Re: BdMO 2020 Regional Higher Secondary P1
Posted: Sun Mar 21, 2021 8:50 pm
by Mehrab4226
Anindya Biswas wrote: ↑Sun Mar 21, 2021 7:47 pm
Mehrab4226 wrote: ↑Sun Mar 21, 2021 7:05 pm
Dustan wrote: ↑Sun Mar 21, 2021 4:34 pm
I used perpendicular lemma
never thought like this.
sad
What is the perpendicular lemma?
Let $A,B,C,D$ be four points in the plane. $AC\perp BD$ if and only if $AB^2-BC^2+CD^2-DA^2=0$. Very important lemma, whoever reading this, try to prove it.

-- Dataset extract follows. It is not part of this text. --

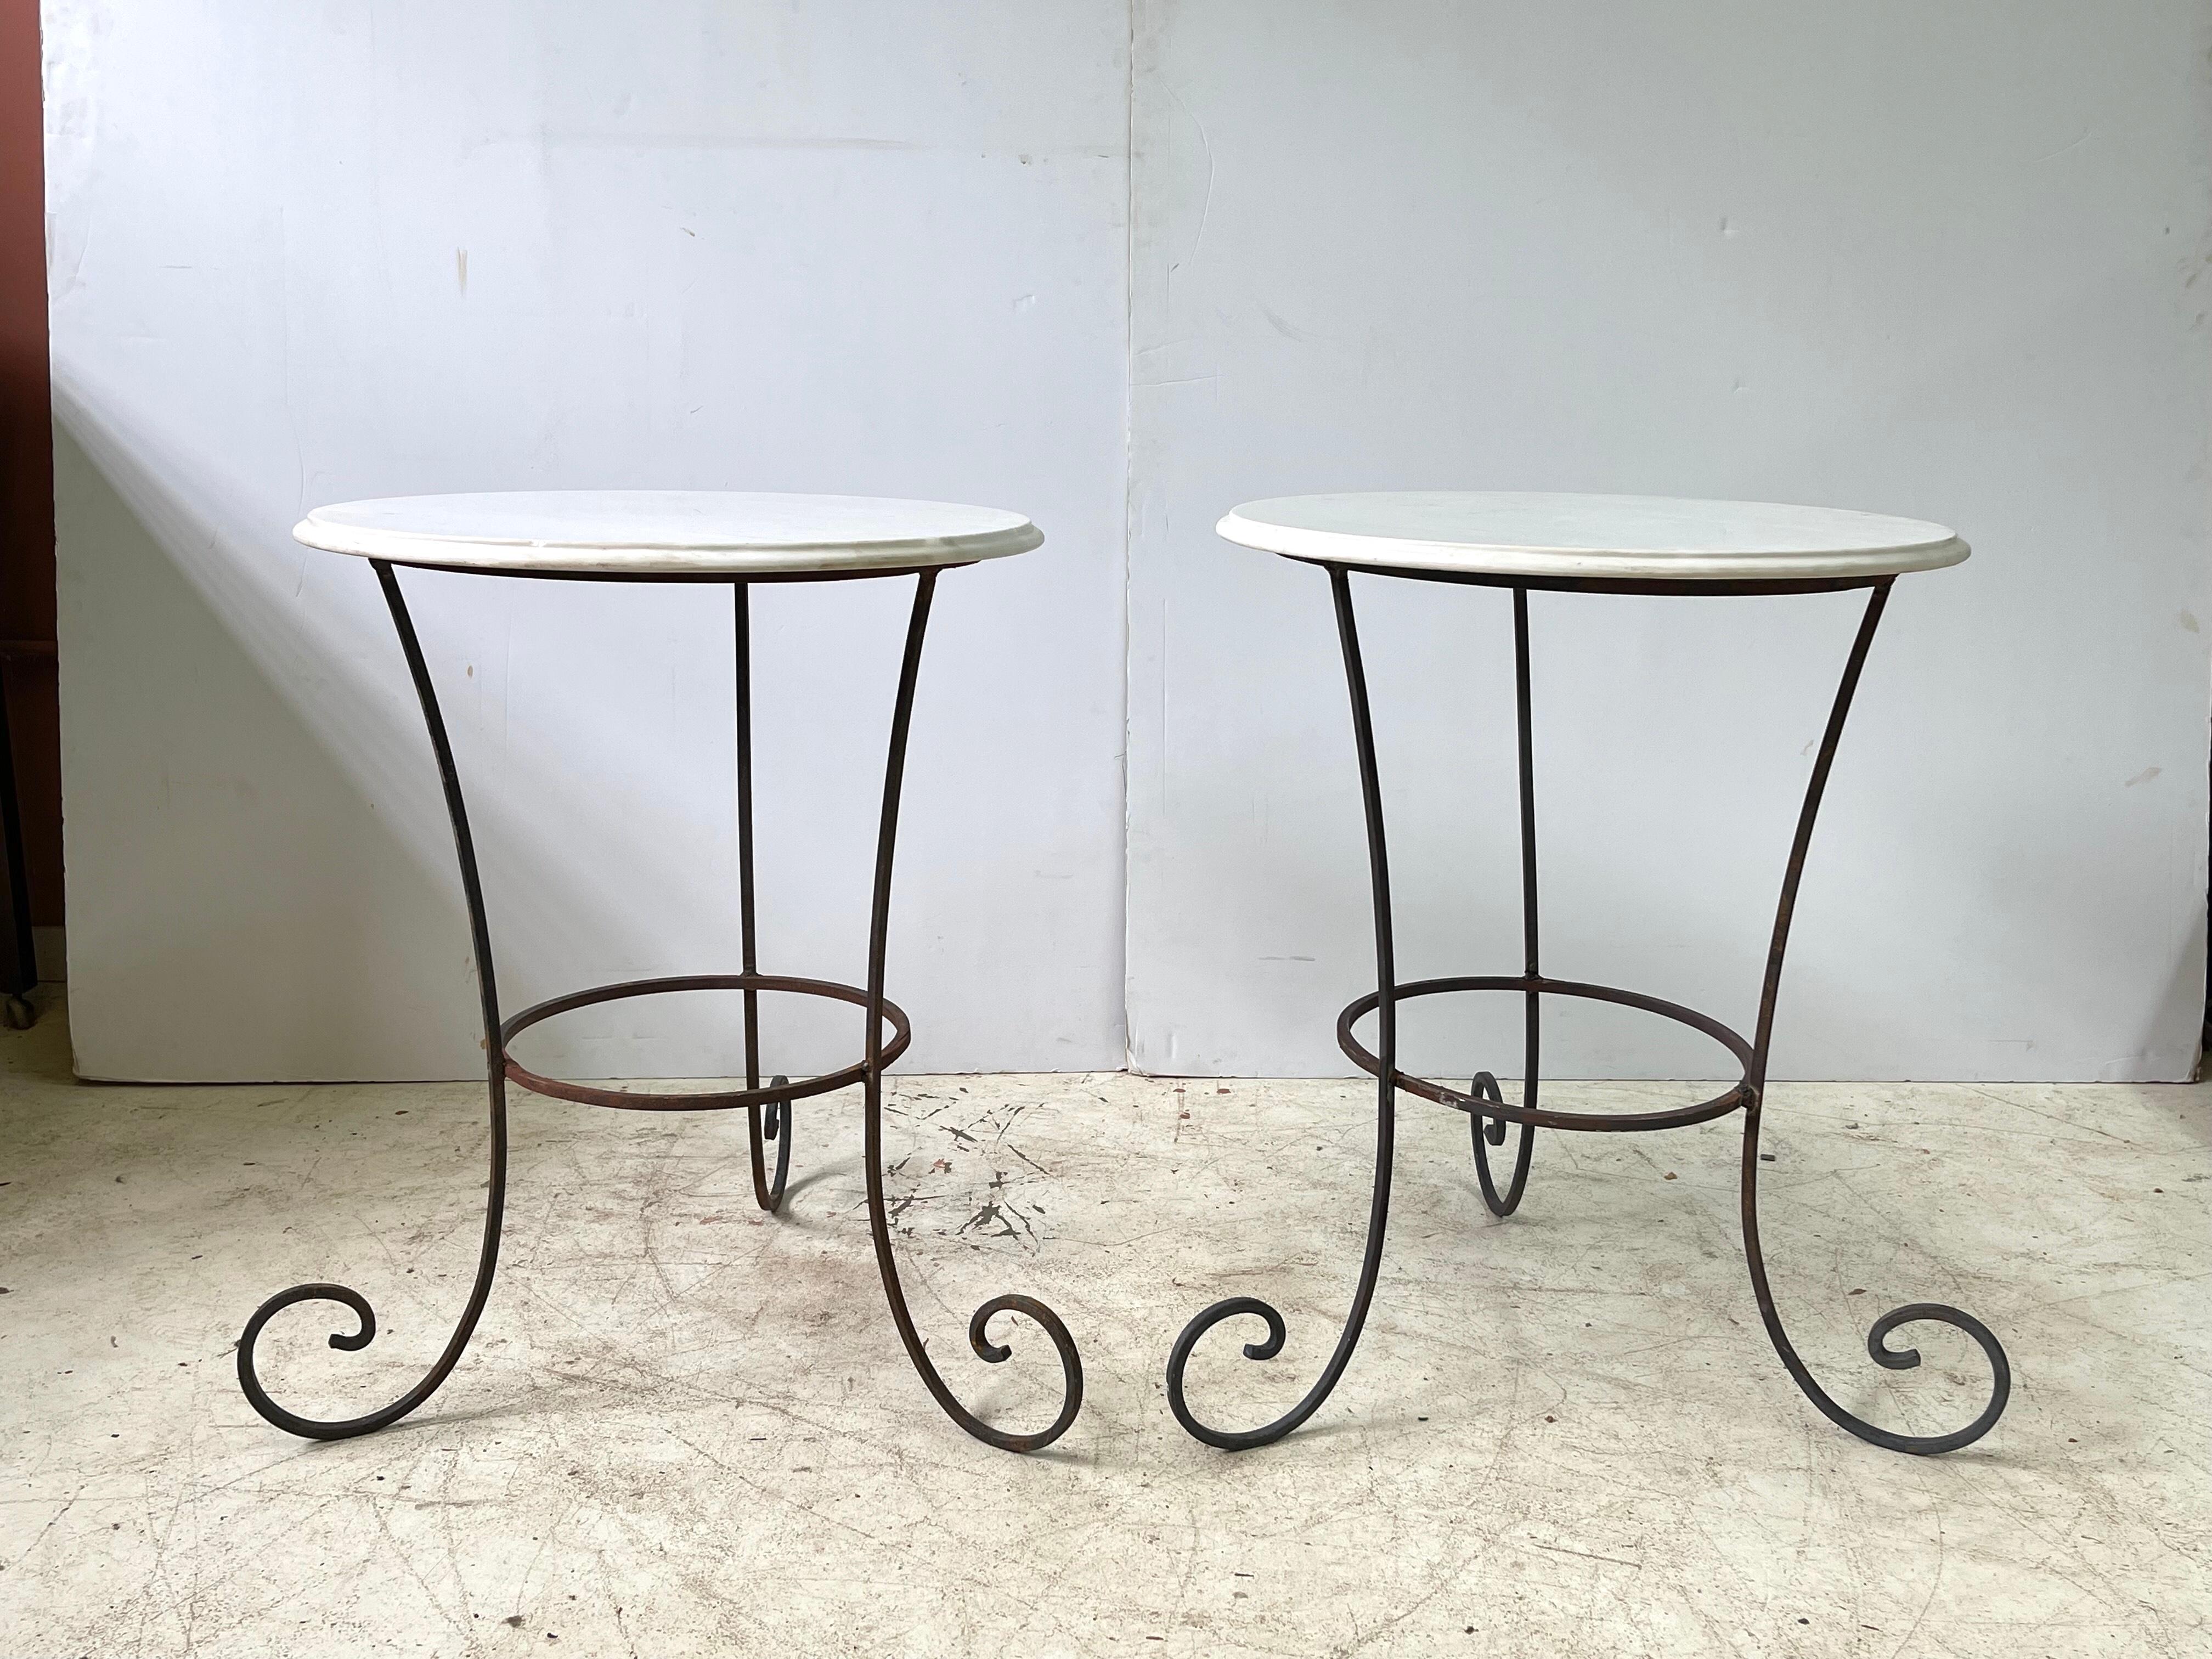 Fabulous pair of 20th Century French scrolling gueridon-style side tables of hand forged iron and having round white marble tops. The table tops each measure 21.5” in diameter, the bases 25” in diameter at the widest point, and their height is

Re: BdMO 2020 Regional Higher Secondary P1
Posted: Mon Mar 22, 2021 2:56 am
by saifmd
Anindya Biswas wrote: ↑Sun Mar 21, 2021 3:46 pm
We know that area of a triangle= base×height/2
So, $2\times\triangle ABC=CF\cdot AB=BE\cdot AC$
$\therefore \frac{CF}{BE}=\frac{AC}{AB}=2$
That's an amazing solution. I also solved the problem but used a long naive area based solution. Thank you very much, learned a new way to think.